0.2*a**3 - 0.1*a**2*b - 0.9*a**2*c + 0.5*a**2 - 0.1*a*b**2 - 0.4*a*b*c + 0.5*a*b - 0.6*a*c**2 - 0.5*a*c - 0.6*a - 0.1*b**3 + 0.4*b**2*c - 0.4*b**2 + 0.7*b*c**2 - 0.4*b*c + 0.9*b + 0.09*c**3 - 0.6*c**2 + 0.4*c + 0.22

What is the best, quickest way of finding all KKT points for this expressions with the constraints:

-1 <= a <= 1
-1 <= b <= 1
-1 <= c <= 1

(ideally the search would be limited only to the vicinity of the GD termination point to save computation time but I'm not sure how to do that rigorously)

Answer 1

Pre-compile the expression and its Jacobian to function objects, then pass them into minimize.
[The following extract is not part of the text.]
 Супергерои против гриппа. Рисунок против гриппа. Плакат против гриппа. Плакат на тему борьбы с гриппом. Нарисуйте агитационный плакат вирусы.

Note that it attempts to be somewhat smarter than your intended gradient descent which may or may not be helpful; this defaults to Kraft's sequential least-squares programming method.

import string

import numpy as np
import scipy.optimize
import sympy

expr_str = (
    '0.2*a**3 - 0.1*a**2*b - 0.9*a**2*c + 0.5*a**2 - 0.1*a*b**2 - 0.4*a*b*c '
    '+ 0.5*a*b - 0.6*a*c**2 - 0.5*a*c - 0.6*a - 0.1*b**3 + 0.4*b**2*c '
    '- 0.4*b**2 + 0.7*b*c**2 - 0.4*b*c + 0.9*b + 0.09*c**3 - 0.6*c**2 + 0.4*c + 0.22'
)
symbols = {
    c: sympy.Symbol(name=c, real=True, finite=True)
    for c in string.ascii_lowercase
    if c in expr_str
}
expr = sympy.parse_expr(s=expr_str, local_dict=symbols)
expr_callable = sympy.lambdify(
    args=[symbols.values()], expr=expr,
)

jac = [
    sympy.diff(expr, sym)
    for sym in symbols.values()
]
jac_callable = sympy.lambdify(
    args=[symbols.values()], expr=jac,
)

result = scipy.optimize.minimize(
    fun=expr_callable,
    jac=jac_callable,
    x0=np.zeros(len(symbols)),
    bounds=scipy.optimize.Bounds(lb=-1, ub=1),
)
assert result.success
print(result)

CONVERGENCE: NORM_OF_PROJECTED_GRADIENT_<=_PGTOL
  message: CONVERGENCE: NORM_OF_PROJECTED_GRADIENT_<=_PGTOL
  success: True
   status: 0
      fun: -4.020346688237437
        x: [ 5.139e-01 -1.000e+00 -1.000e+00]
      nit: 5
      jac: [-1.222e-08  3.839e+00  4.398e+00]
     nfev: 7
     njev: 7
 hess_inv: <3x3 LbfgsInvHessProduct with dtype=float64>

If you really want a symbolic solution to a where b and c are equal to -1, you can then work backward, substituting b and c into the first Jacobian component and solving for a.

jac_rhs = jac[0].subs({
    symbols['b']: result.x[1],
    symbols['c']: result.x[2],
})
print(jac_rhs)
soln = sympy.solve(jac_rhs, symbols['a'],
                   dict=True, numerical=False, simplify=False, rational=True)
pprint(soln)

0.6*a**2 + 3.0*a - 1.7
[{a: -5/2 + sqrt(327)/6}, {a: -sqrt(327)/6 - 5/2}]